By Clayton Locke, CTO, Intelligent Environments
Biometric technology for banking has reached a pivotal moment. It has been incubating in the early adopter stage for quite a while, and is now poised for launch and explosive growth.
We are now seeing many more examples of biometrics in interesting places. Tshighua University and Tzekwan Technology in China have unveiled the world’s first facial recognition ATM. It works by mapping facial data and matching it against an ID database, authenticating users by using facial feature and iris recognition. It can even identify if facial features have changed. The product has passed government certification and will as a result soon be available on the market.
According to developers, this new system is much safer than traditional PIN ATMs. This is good news, especially given the rise in identity fraud in recent years. According to our recent research, over a third of UK banking customers have had money stolen from their accounts by fraudsters. According to the National Fraud Authority £3.3 billion is lost through identity crimes each year.
With more people than ever using online and mobile banking to manage their finances, it is now crucial for financial services organisations to combat this rise in identity crime by deploying more sophisticated security technologies.
Banking customers agree with this. Our research reveals that 58 per cent of Brits would like to ditch their passwords in favour of biometric logins, while 56 per cent say they feel more comfortable with biometrics than they did a year ago.

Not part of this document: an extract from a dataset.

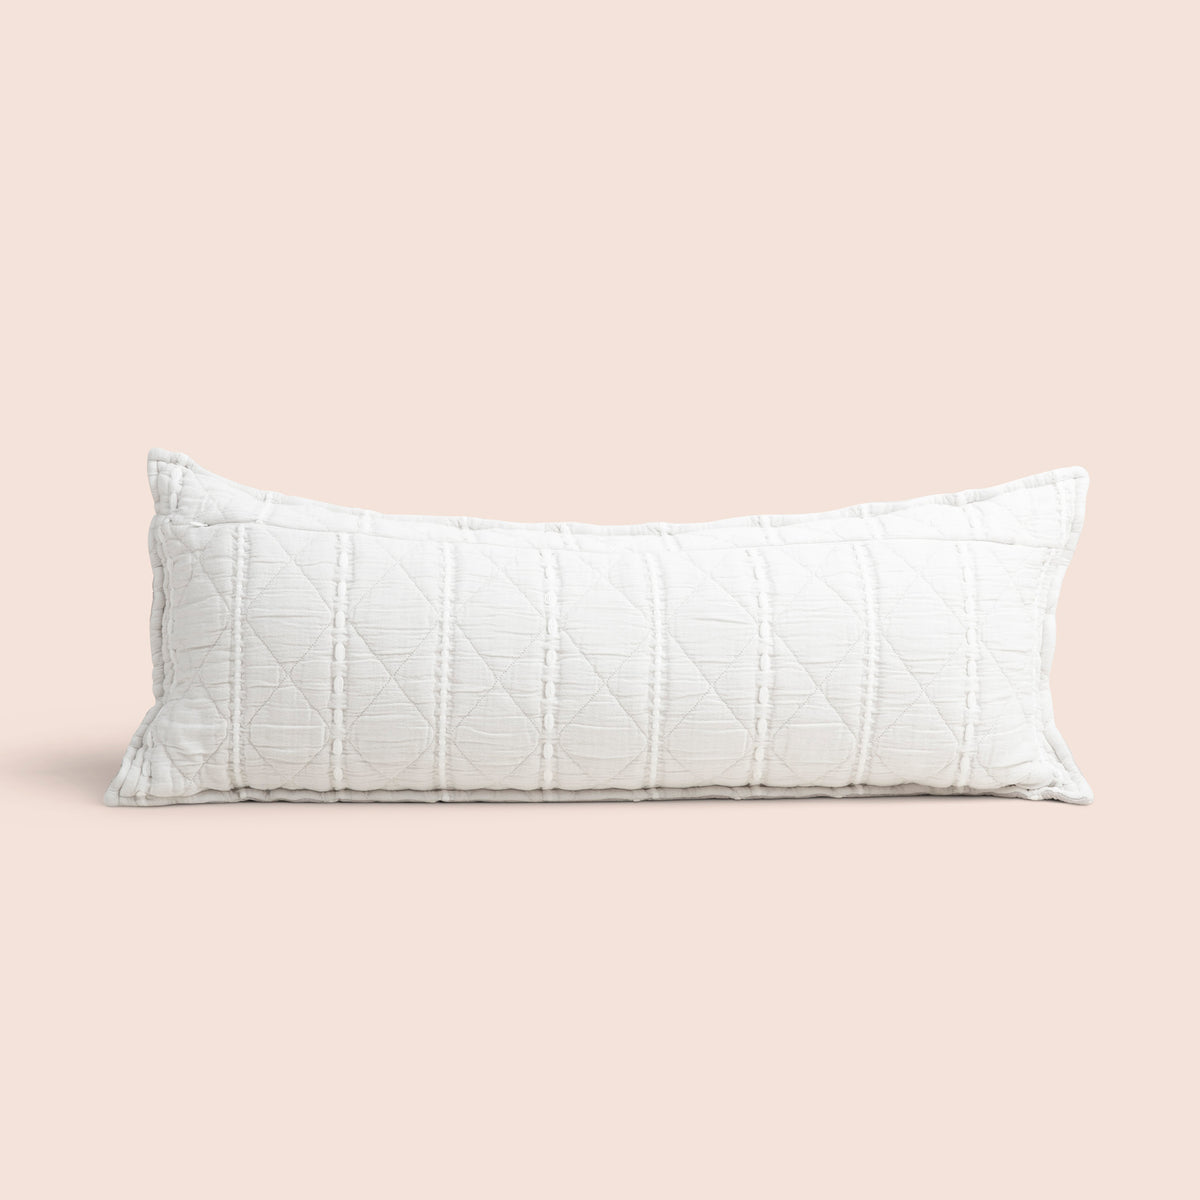 Image of the all-white reversible side of the Heritage Lumbar Pillow Cover on a lumbar pillow with a light pink background
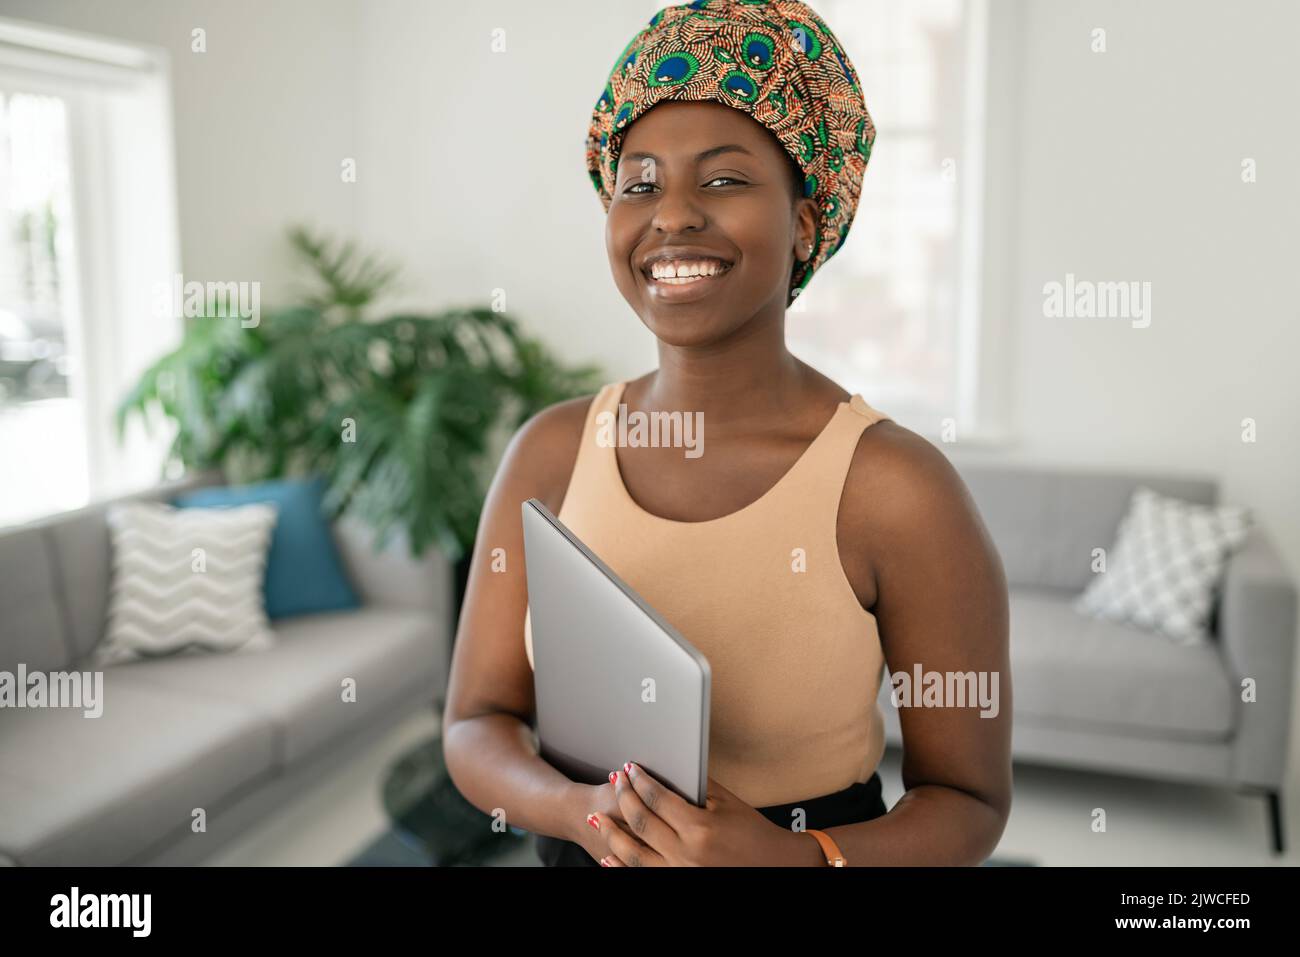 Portrait of beautiful smiling African woman standing in modern home with laptop in hand, wearing a traditional headscarf Stock Photo

The popularity of mobile devices, such as Apple’s latest iPhones, has helped contribute to a major shift in attitudes toward biometrics, and consumers now want to put the biometric features on these devices to good use. In fact, according to our research, a third of consumers use mobile banking more now that Apple’s Touch ID has been introduced.
Incorporating fingerprint scanning into mobile banking provides customers with the convenience of not having to enter passwords manually or having to remember multiple logins for different apps. It enables banks to improve the balance between customer convenience and security by making mobile services both more secure, and easier to use.
However, while biometric measures, such as fingerprint scanning,provide security and usability benefits, there are still concerns. For example, hackers claim that fingerprint scanning can be thwarted. This is certainly the case, just like passwords and other forms of identification. But fingerprints are just the starting point. By exploring the use of other,more advanced biometric measures, banks can make the authentication process much more secure and convenient, potentially eliminating the need for passwords altogether.
Some banks have already recognised this. For example, last year Barclays began experimenting with finger vein scanners for authentication purposes. This system uses near infra-red lights to check specific vein patterns inside a person’s finger. This method is deemed very secure as vein patterns are by nature extremely difficult to forge because they are found under the skin. Due to the eye-watering price tag, Barclays will initially just be offering the device to corporate clients, however they are actively exploring for a similar type of device to be able to offer it to all their customers.
In FinTech, we have grown accustomed to thinking that biometrics will be important to the future of digital banking. But the industry is quickly moving beyond this way of thinking – biometrics are already critical to digital banking. If you are not in the market with this technology, you are already behind. Financial services organisations should change their biometrics orientation from future innovation to immediate requirement. Biometrics is happening now.